EASA has commissioned a pair of German organisations – one a medical school and the other an applied research establishment – to research cabin air quality. The agency says the research will start with in-flight work to identify suitable instrumentation to measure cabin and cockpit air contamination.
Once the instrumentation and testing methodology has been established, EASA says it will carry out a larger-scale test programme on board commercially-operated large transport aeroplanes in the near future. Measurements will be taken in the cockpit and passenger cabin during all flight phases.
The EASA research contract has been awarded to a consortium made up of research establishment Fraunhofer and the Medizinische Hochschule Hannover (MHH). Both are based in Hannover.
EASA’s call for research bids states: “The quality of the air that passengers and air crews are exposed to on board commercial transport aeroplanes has been the basis of a continuing debate over the last 60 years, both from the health and safety points of view.
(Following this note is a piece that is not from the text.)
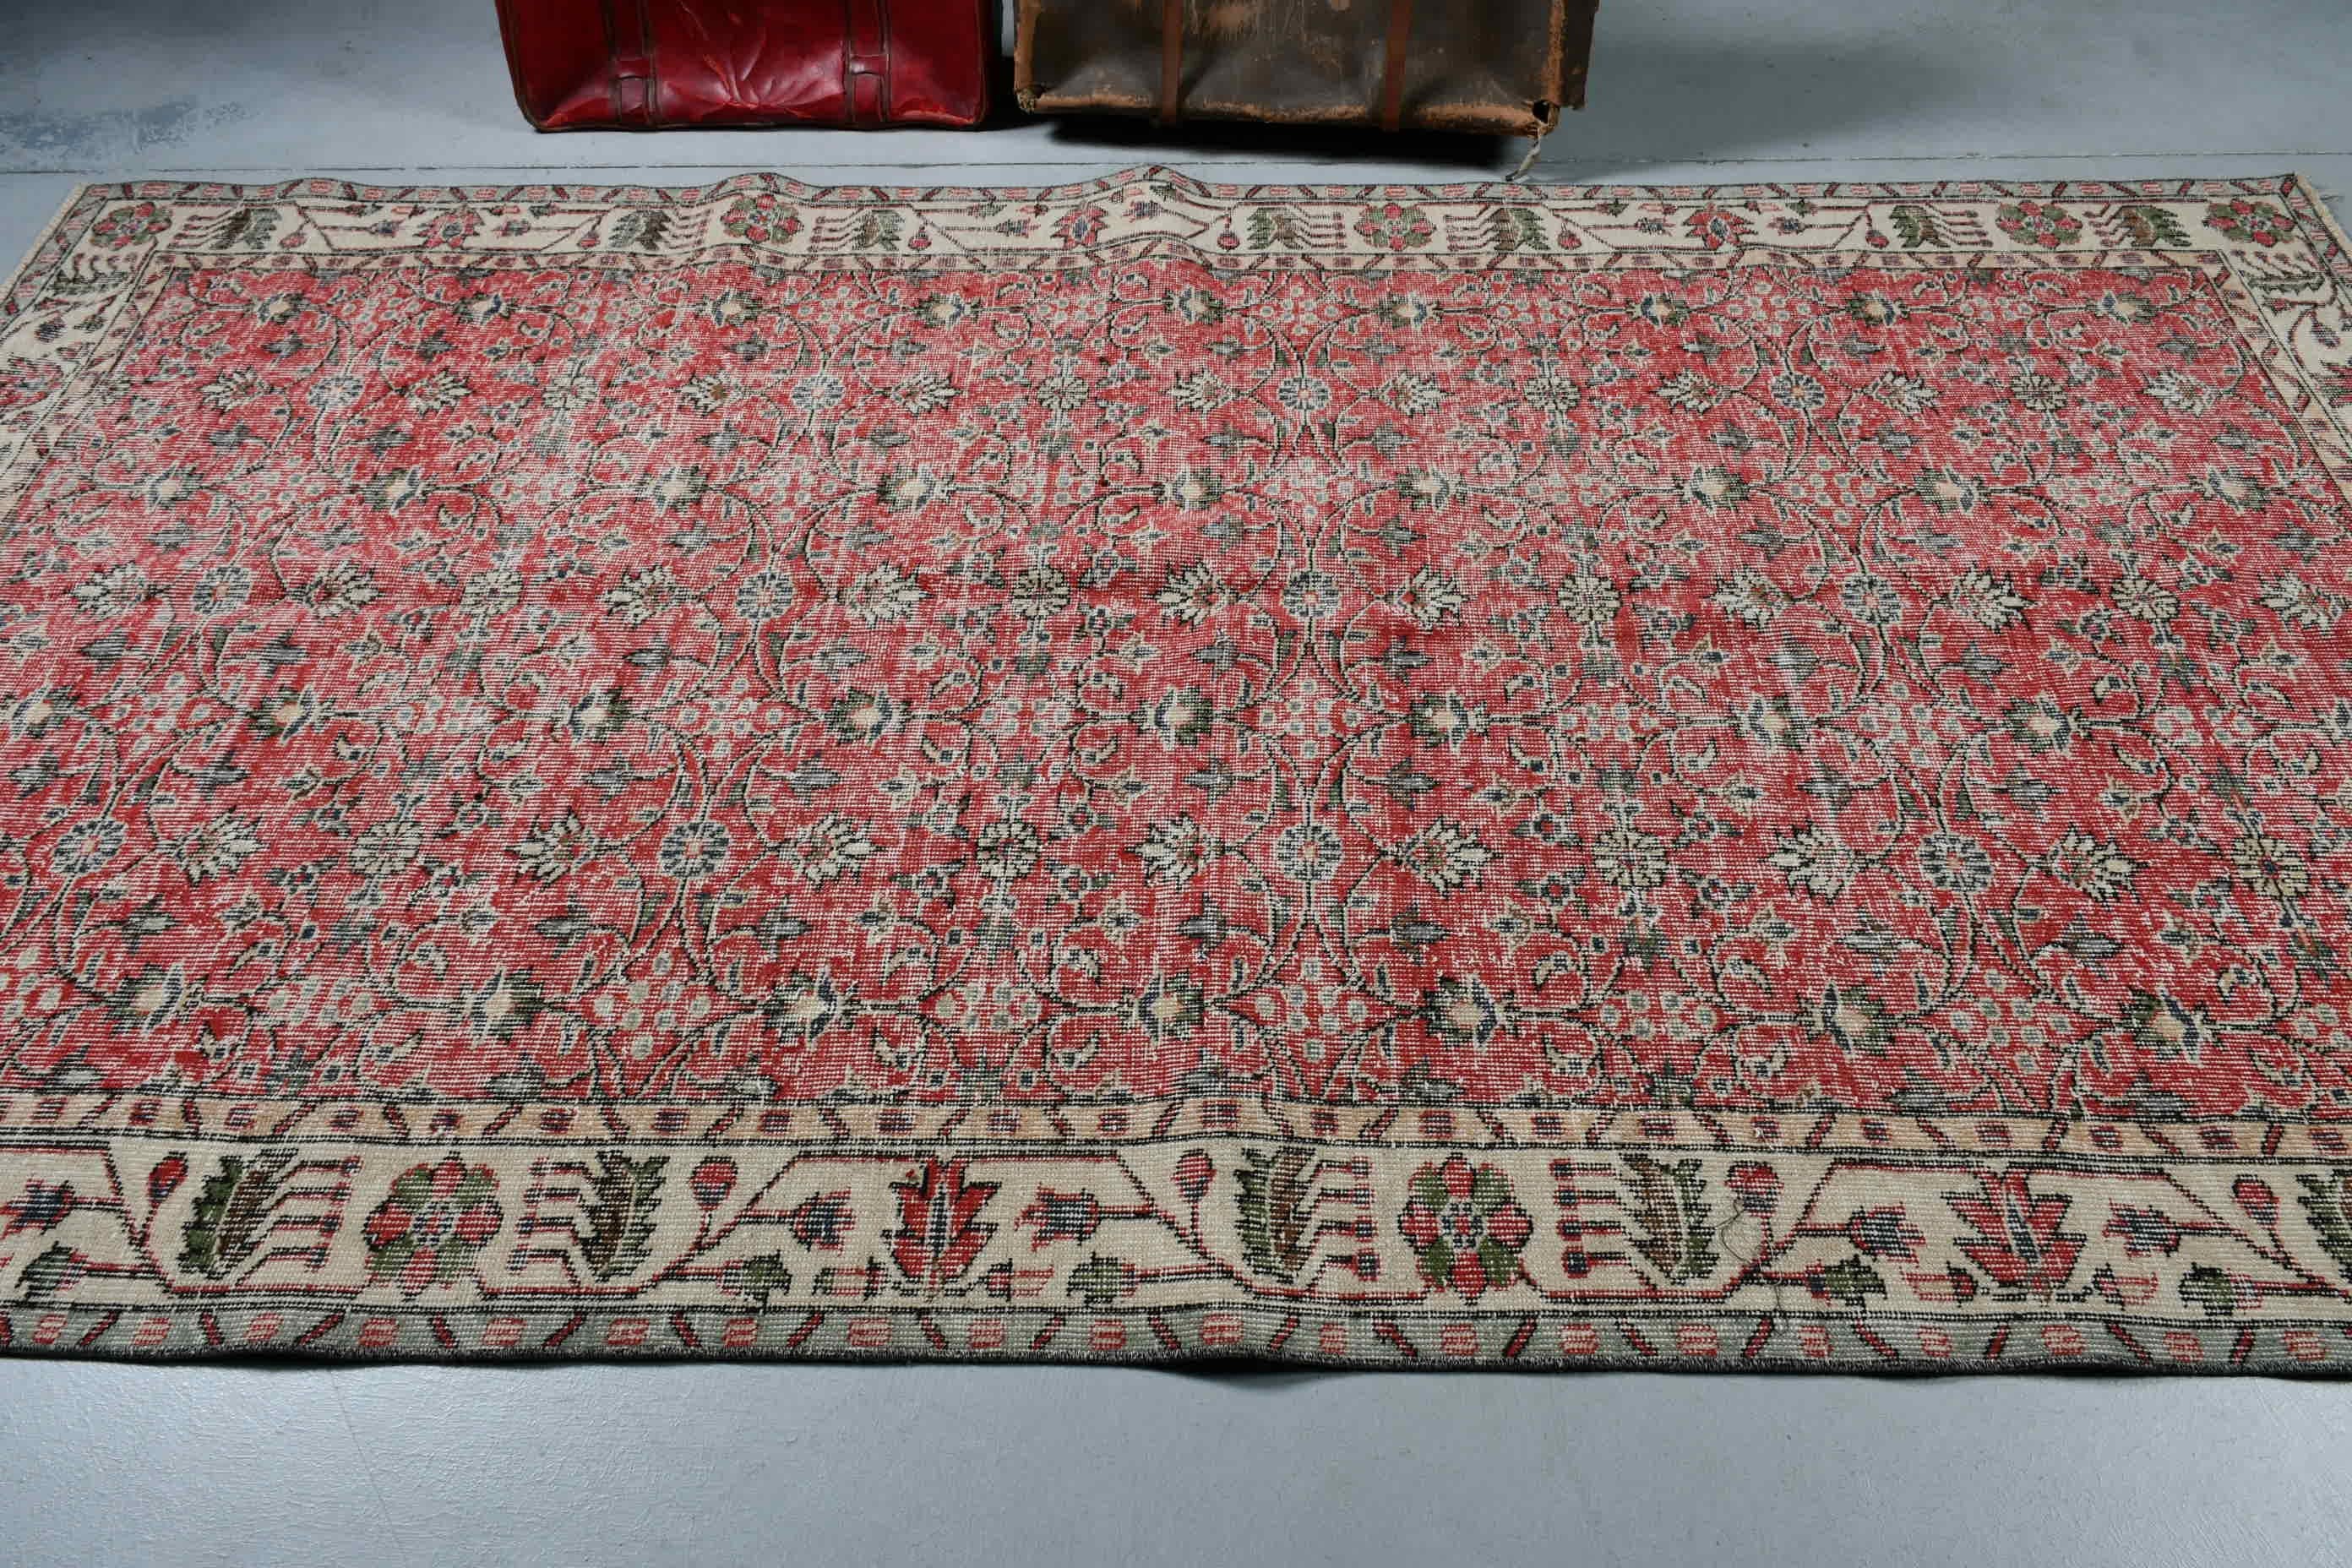 Dining Room Rug, Custom Rug, Turkish Rug, 5.2x9.3 ft Large Rug, Red Antique Rug, Oriental Rug, Vintage Rug, Living Room Rug

Discussions about cabin or cockpit air quality need to differentiate between single cabin/cockpit air contamination [fume] events and the cabin air composition in normal operating conditions, for example the composition of the cabin air in the absence of any abnormal event and which can be compared, for instance, to the composition of the outside air or to the air at other workplaces.”
The project is expected take 20 months from taking measurements to analysis of the results. Results are expected in October 2016, says EASA, adding that the final details of the project – including the complete list of the aircraft types that will feature in the research – are still to be decided upon.